Saat ini mulai terdengar istilah euthanasia, baik aktif maupun pasif. Euthanasia aktif merupakan
tindakan yang sengaja dilakukan untuk membuat seseorang meninggal. Sedangkan euthanasia pasif
adalah tindakan mengurangi ketepatan dosis pengobatan, penghilangan pengobatan sama sekali atau
tindakan pendukung lainnya yang dapat mempercepat kematian seseorang. Batas keduanya kabur,
bahkan merupakan sesuatu yang tidak relevan. Di Nederland euthanasia sudah dalam proses untuk
dilegalisasi. Dikatakan bahwa 72% dari populasi lebih cenderung untuk menjadi relawan euthanasia
aktif. Dalam praktik nyata, masyarakat telah melegalkan euthanasia pasif terutama dalam proses aborsi.
Diyakini bahwa 30 tahun yang akan datang, euthanasia akan bergeser dari sesuatu yang samar-samar
menjadi sesuatu yang legal. Dalam hal ini, perawat berada dalam posisi yang sangat baik untuk
mengkajinya secara lebih obyektif, sehingga akan menjadi kesempatan terbaik bagi perawat untuk
mengambil bagian terlibat aktif dalam mengembangkan kebijakan-kebijakan terkait, khususnya pada
kasus keperawatan medikal bedah.

d. Pengaturan sistem tenaga kesehatan


Sistem tenaga kesehatan di Indonesia saat ini belum tertata dengan baik, pemerintah belum berfokus
dalam memberikan keseimbangan hak dan kewajibaan antar profesi kesehatan. Rasio penduduk dengan
tenaga kesehatan pada tahun 2003 menunjukkan perawat 108,53, bidan 28,40 dan dokter 17,47 per
100.000 penduduk. Berdasarkan hasil penelitian dari DEPKES menyebutkan bahwa puskesmas belum
mempunyai sistem penghargaan bagi perawat.
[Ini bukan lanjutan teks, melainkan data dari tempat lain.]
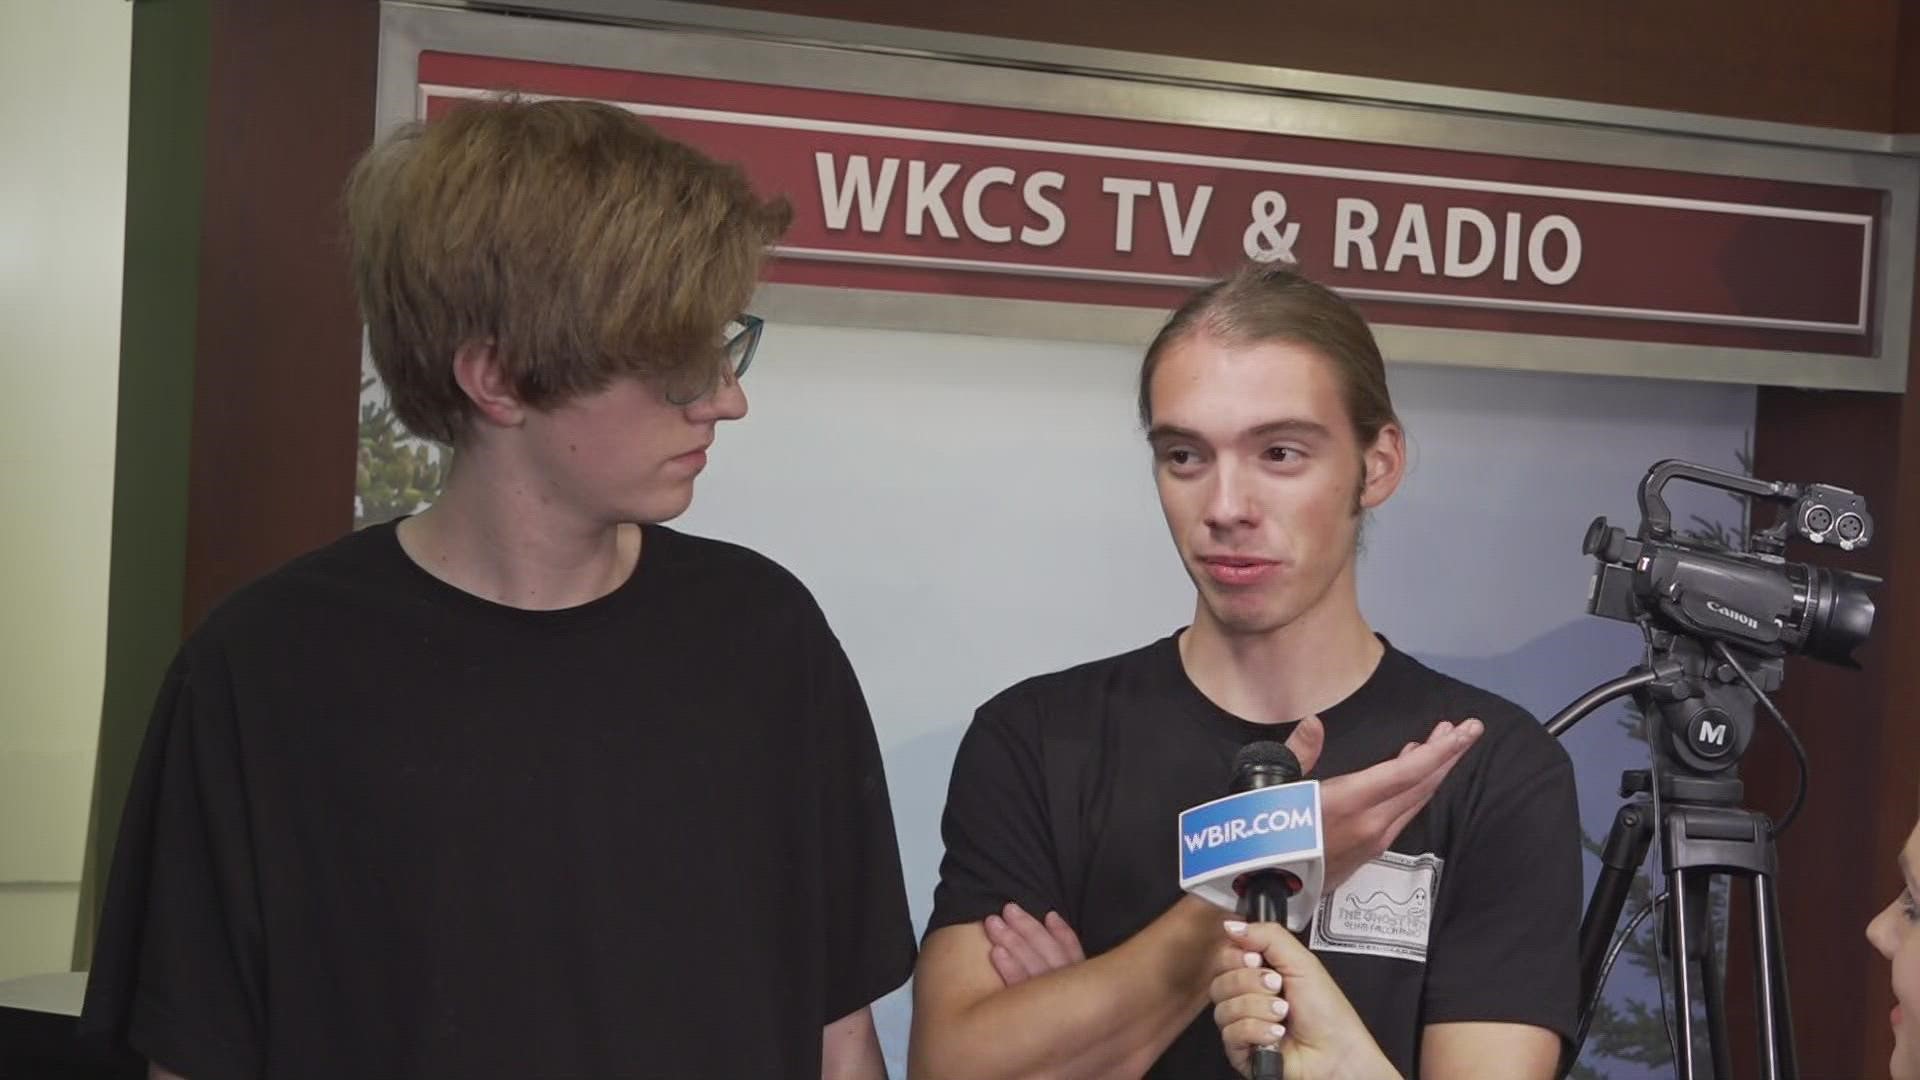 Some of the students that work at the Fulton High School radio station share thoughts on how they're preparing for the future. August 17, 2022-4pm.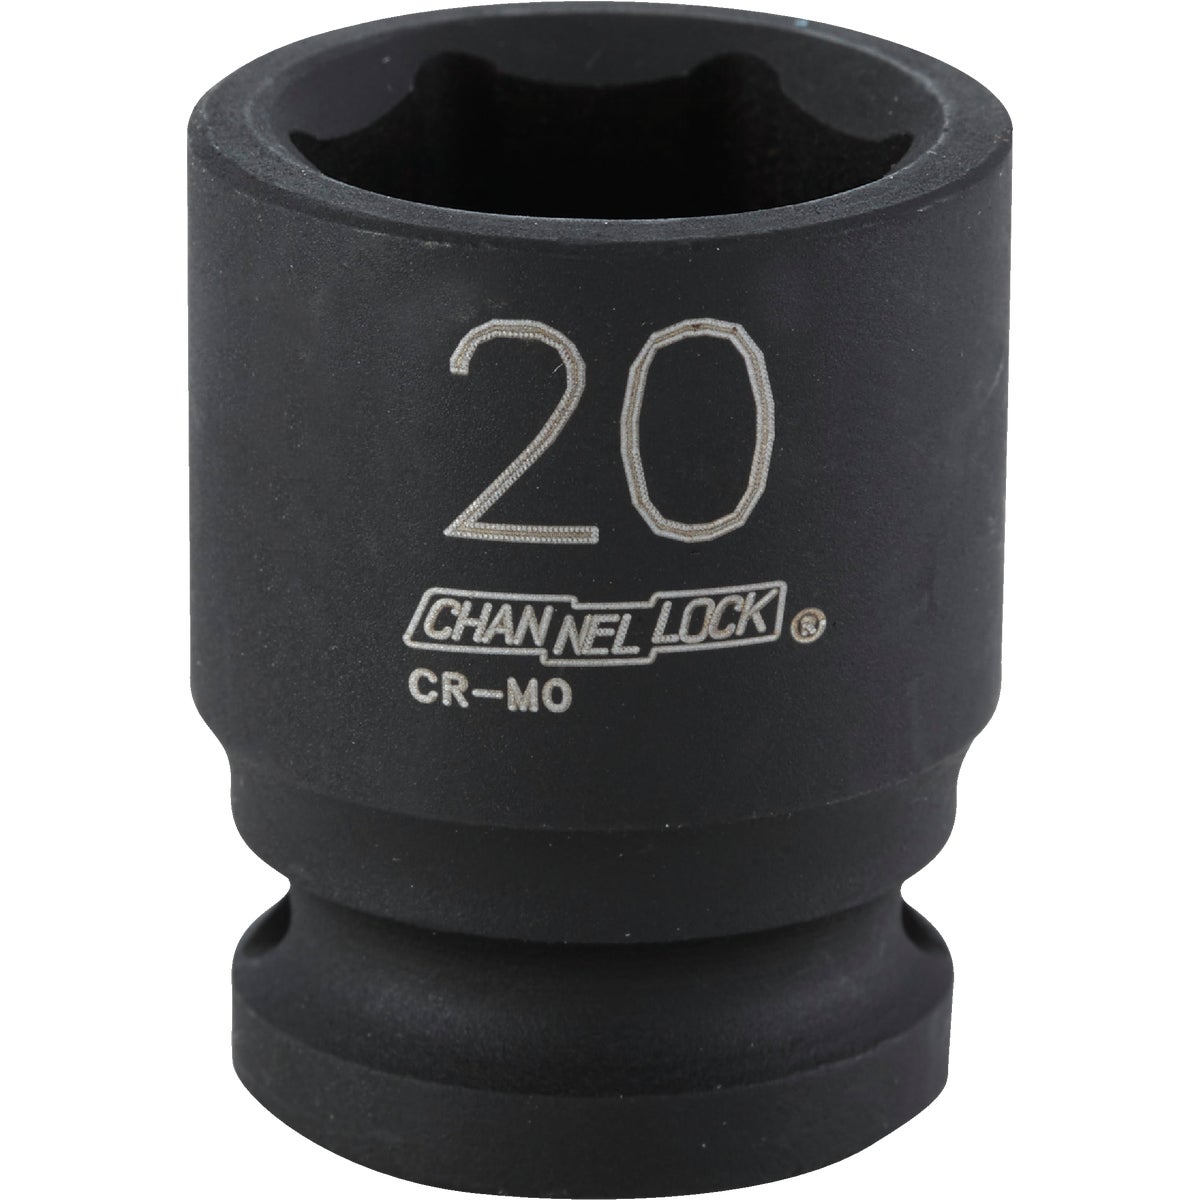 Channellock 1/2 In. Drive 20 mm 6-Point Shallow Metric Impact Socket

e. Lulusan D3 Keperawatan lebih banyak terserap di Rumah sakit pemerintah dibandingkan S1


Dengan alasan tidak kuat menggaji lulusan S1 Keperawatan, banyak rumah sakit pemerintah dan swasta
yang menyerap lulusan D3 keperawatan. Dilihat dari jumlah formasi seleksi CPNS, jumlah S1 sedikit
dibutuhkan dibandingkan D3 keperawatan. Hal ini akan berdampak pada kualitas layanan asuhan
keperawatan pada lingkup medikal bedah yang hanya berorientasi vokasional tidak profesional.

f. Peran dan tanggung jawab yang belum ditetapkan sesuai dengan jenjang pendidikan sehingga
implikasi di rs antara DIII, S1 dan Spesialis belum jelas terlihat.